--- YOUR INSTRUCTIONS ---
Each line below must be reproduced exactly, though the pictures are to be dropped.

--- DATA EXCERPT ---
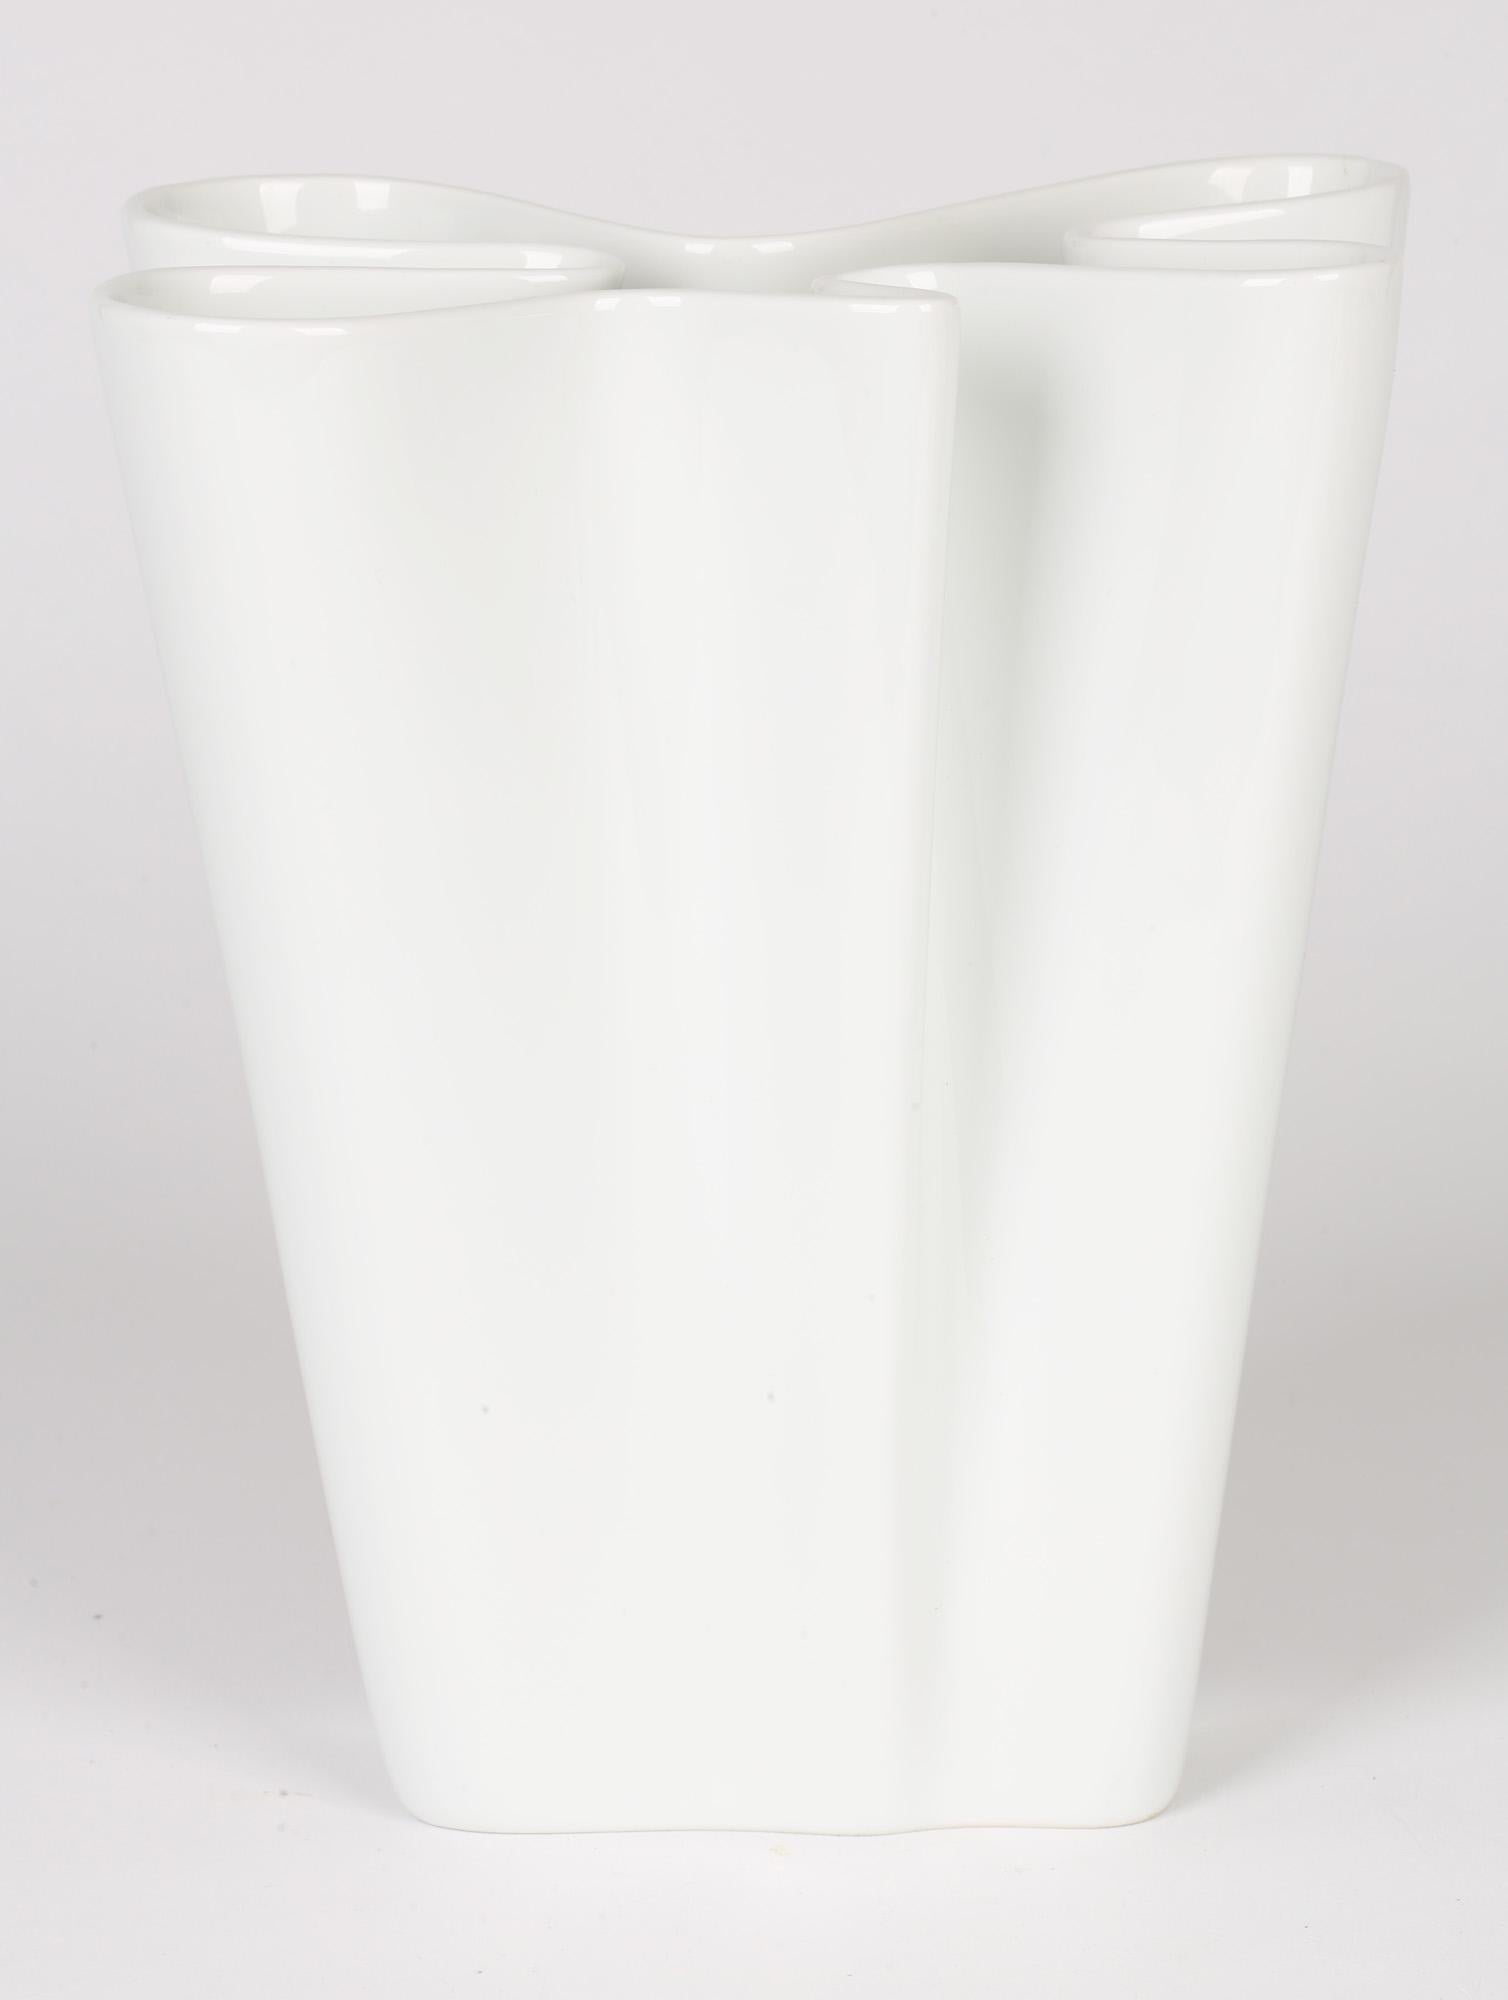 A stylish German porcelain folded paper style vase from the Studio-Line Flux range by Rosenthal and dating from the latter 20th century. The vase stands on an irregular rectangular shaped base and the body is constructed from a series of folded and
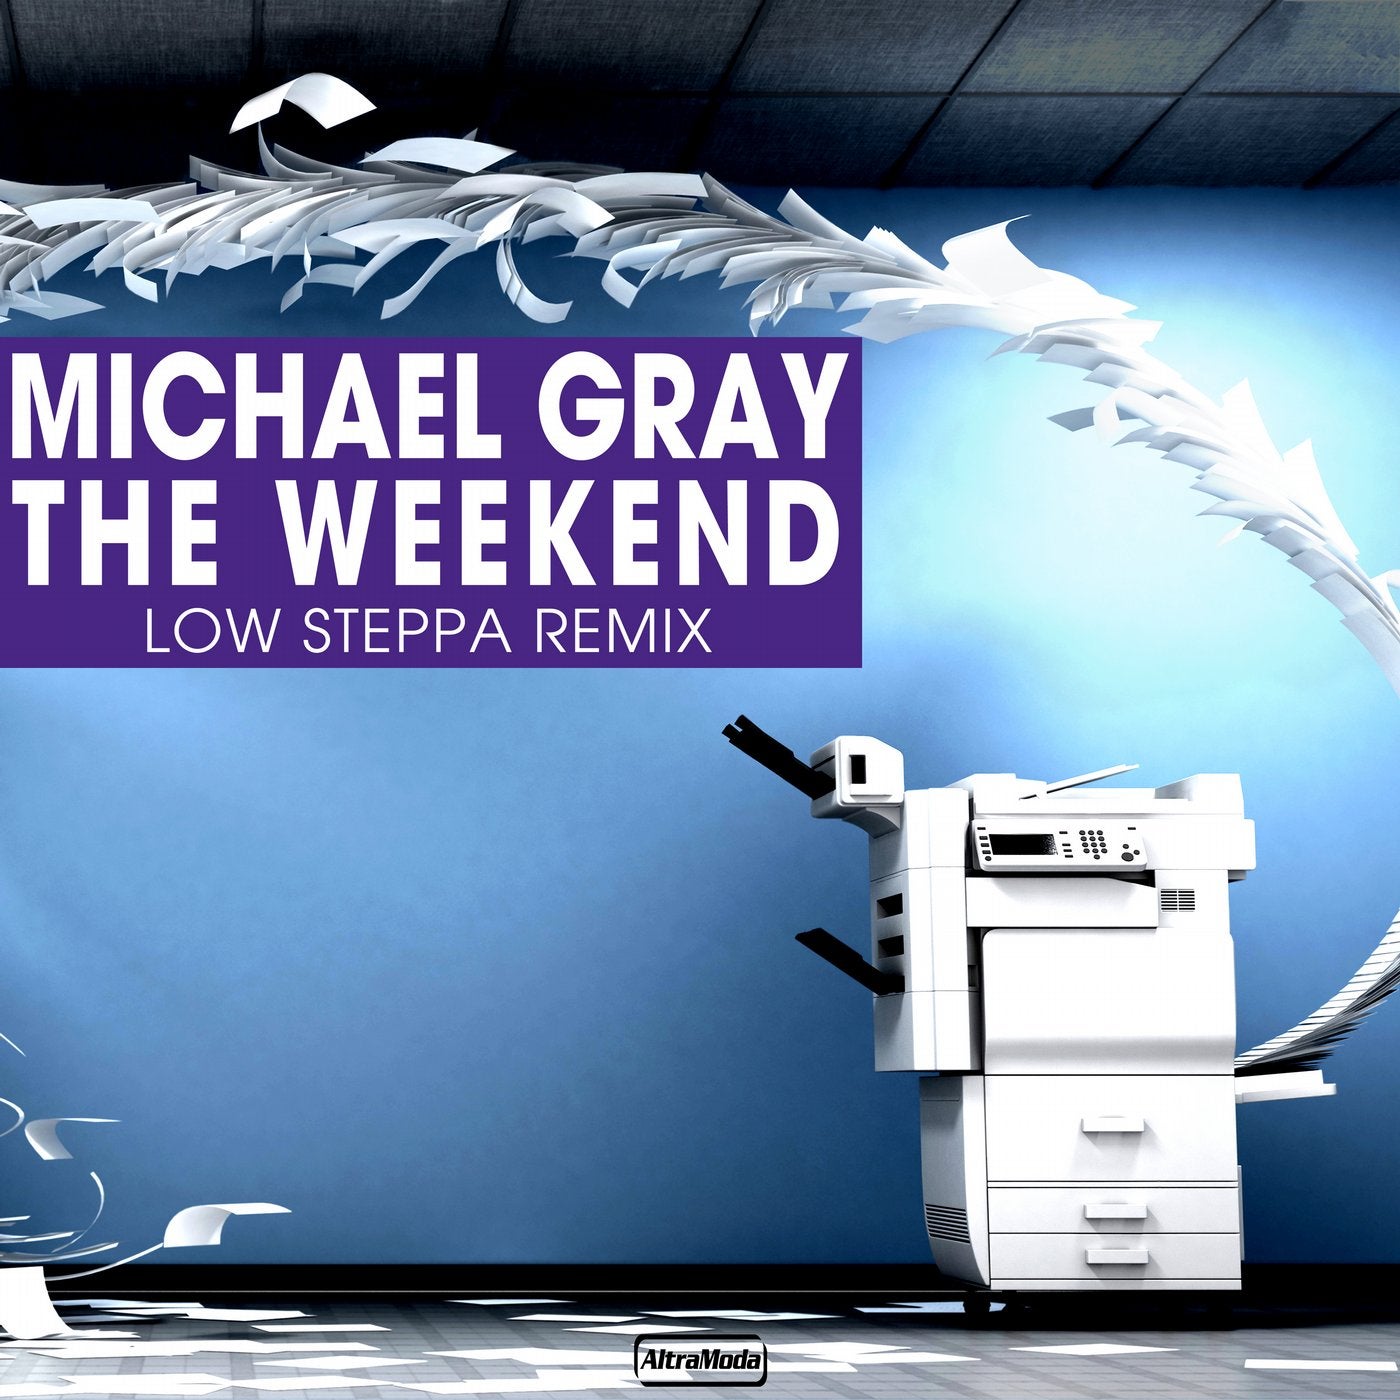 The Weekend - Low Steppa Remix
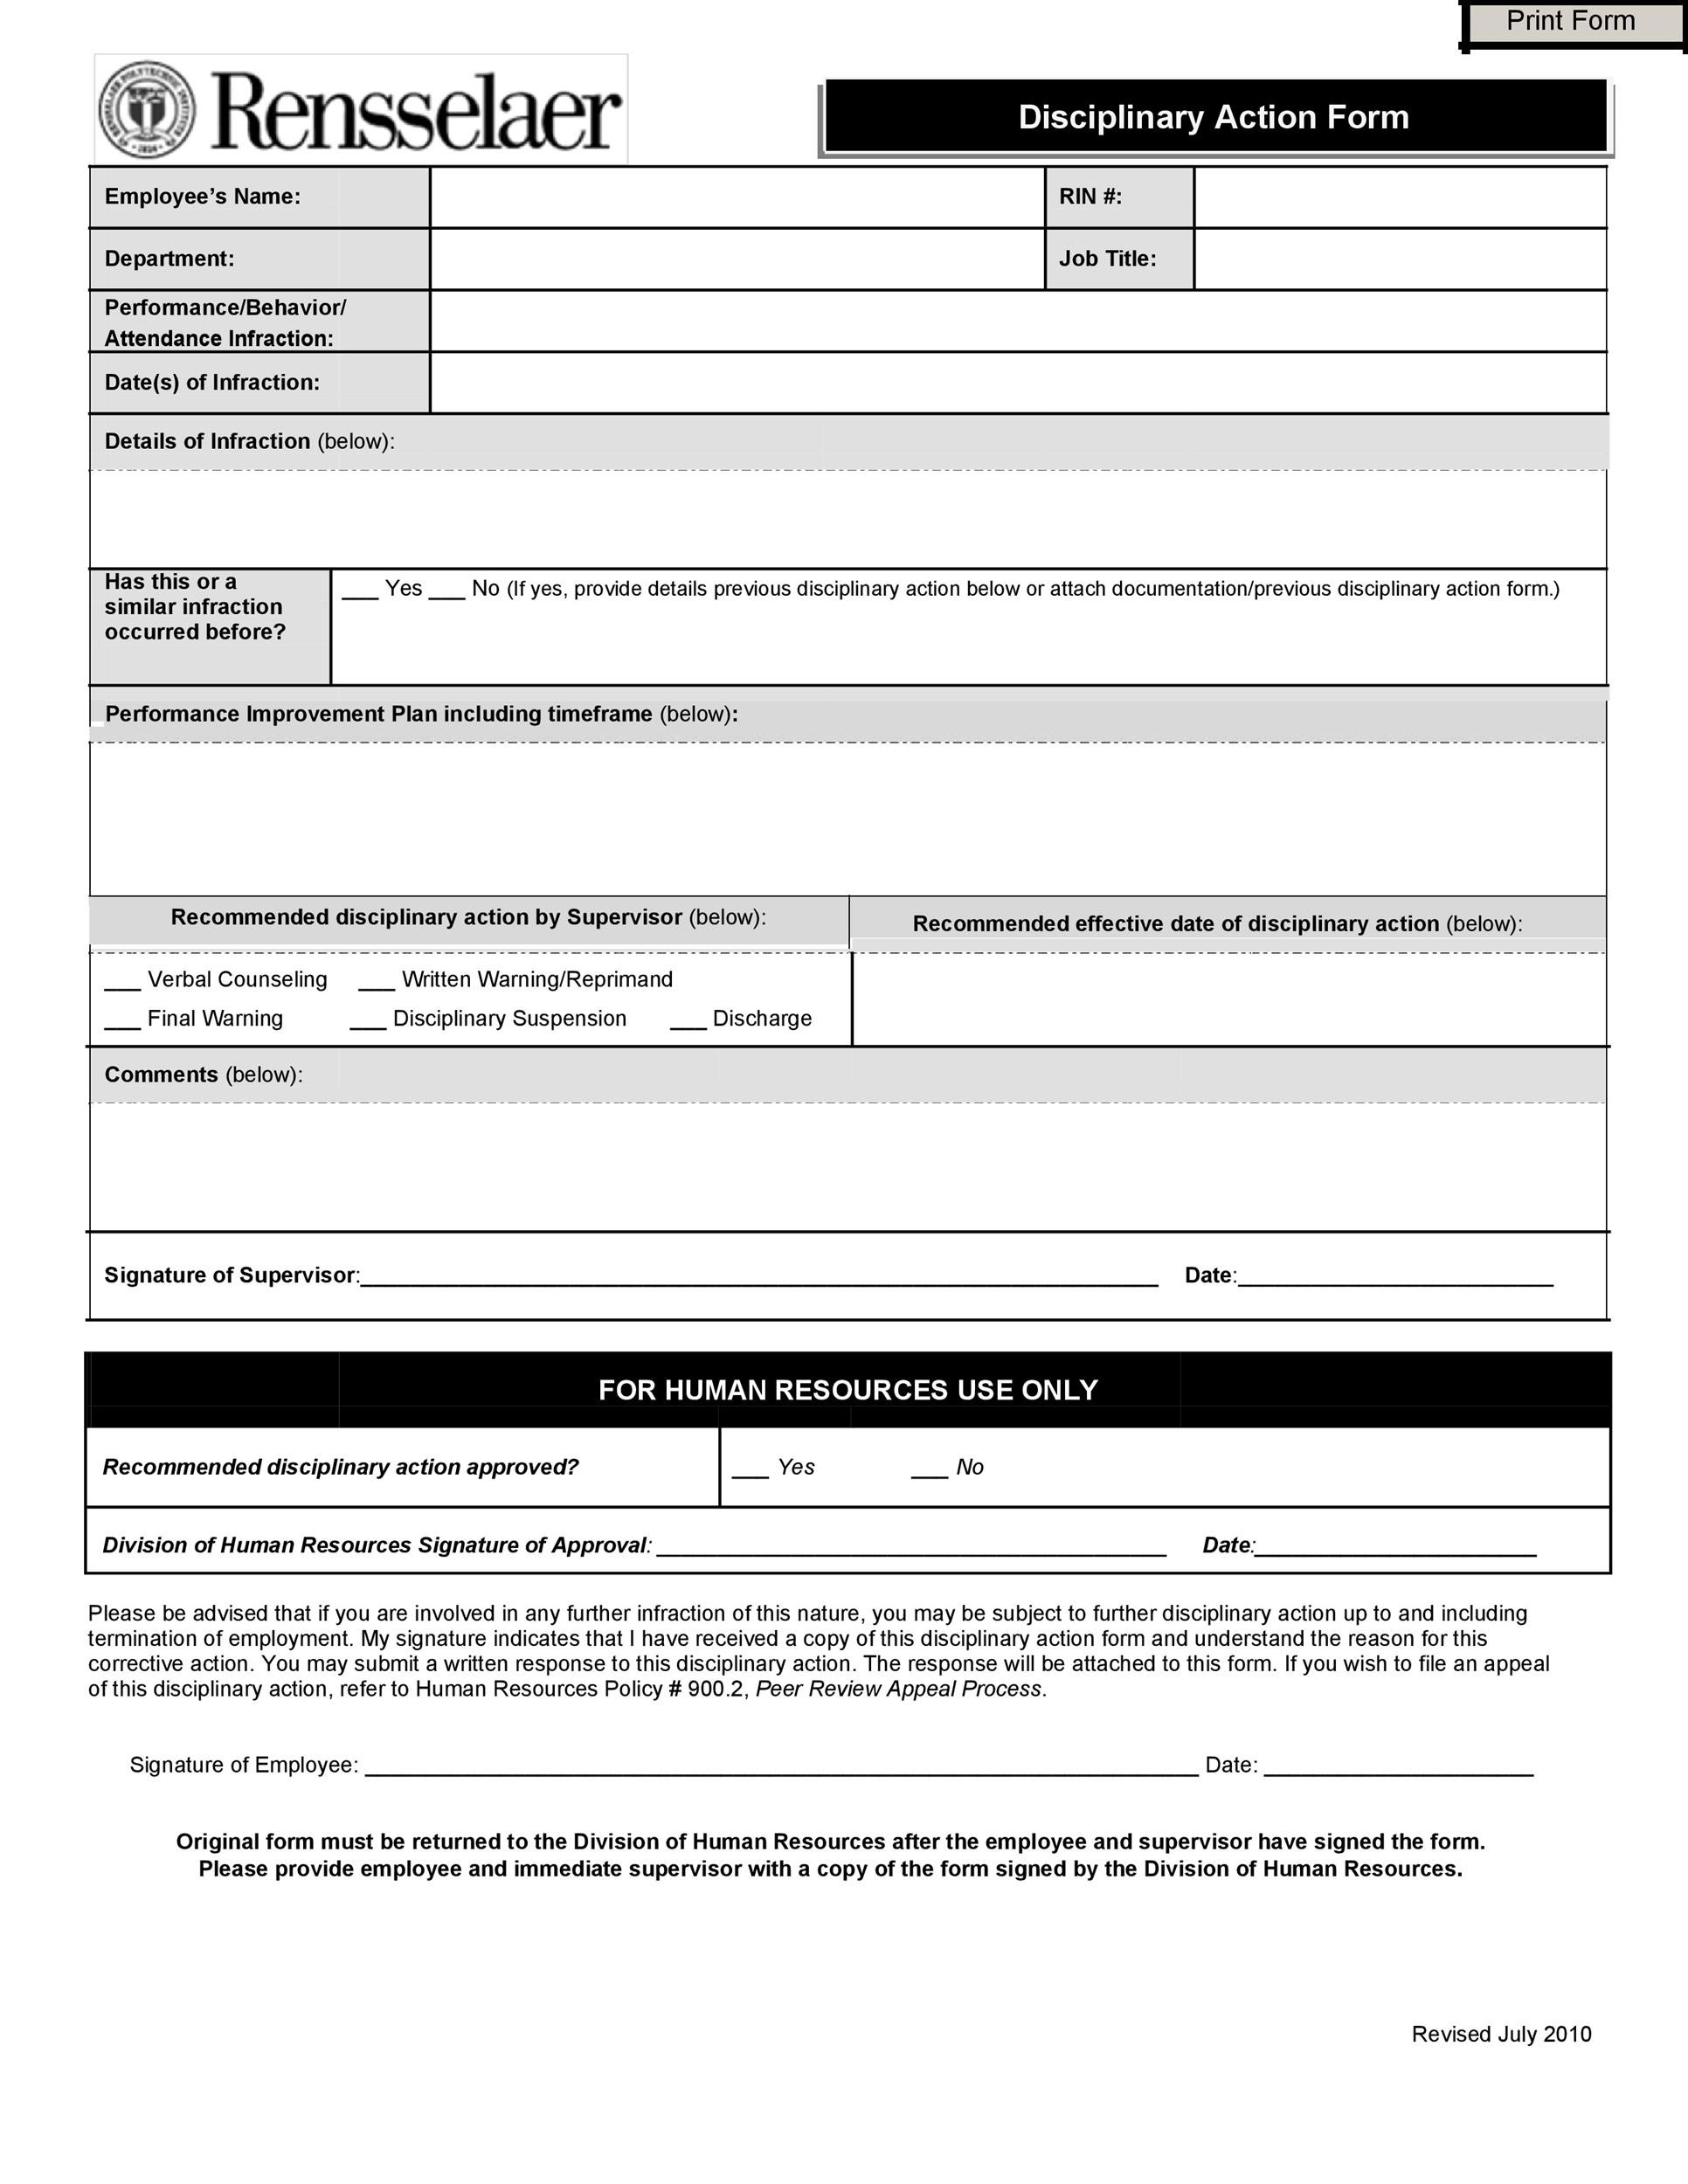 free-printable-disciplinary-action-form-printable-forms-free-online

--- RESPONSE TO THE TASK ---
 A stylish German porcelain folded paper style vase from the Studio-Line Flux range by Rosenthal and dating from the latter 20th century. The vase stands on an irregular rectangular shaped base and the body is constructed from a series of folded and
 The Weekend - Low Steppa Remix
 free-printable-disciplinary-action-form-printable-forms-free-online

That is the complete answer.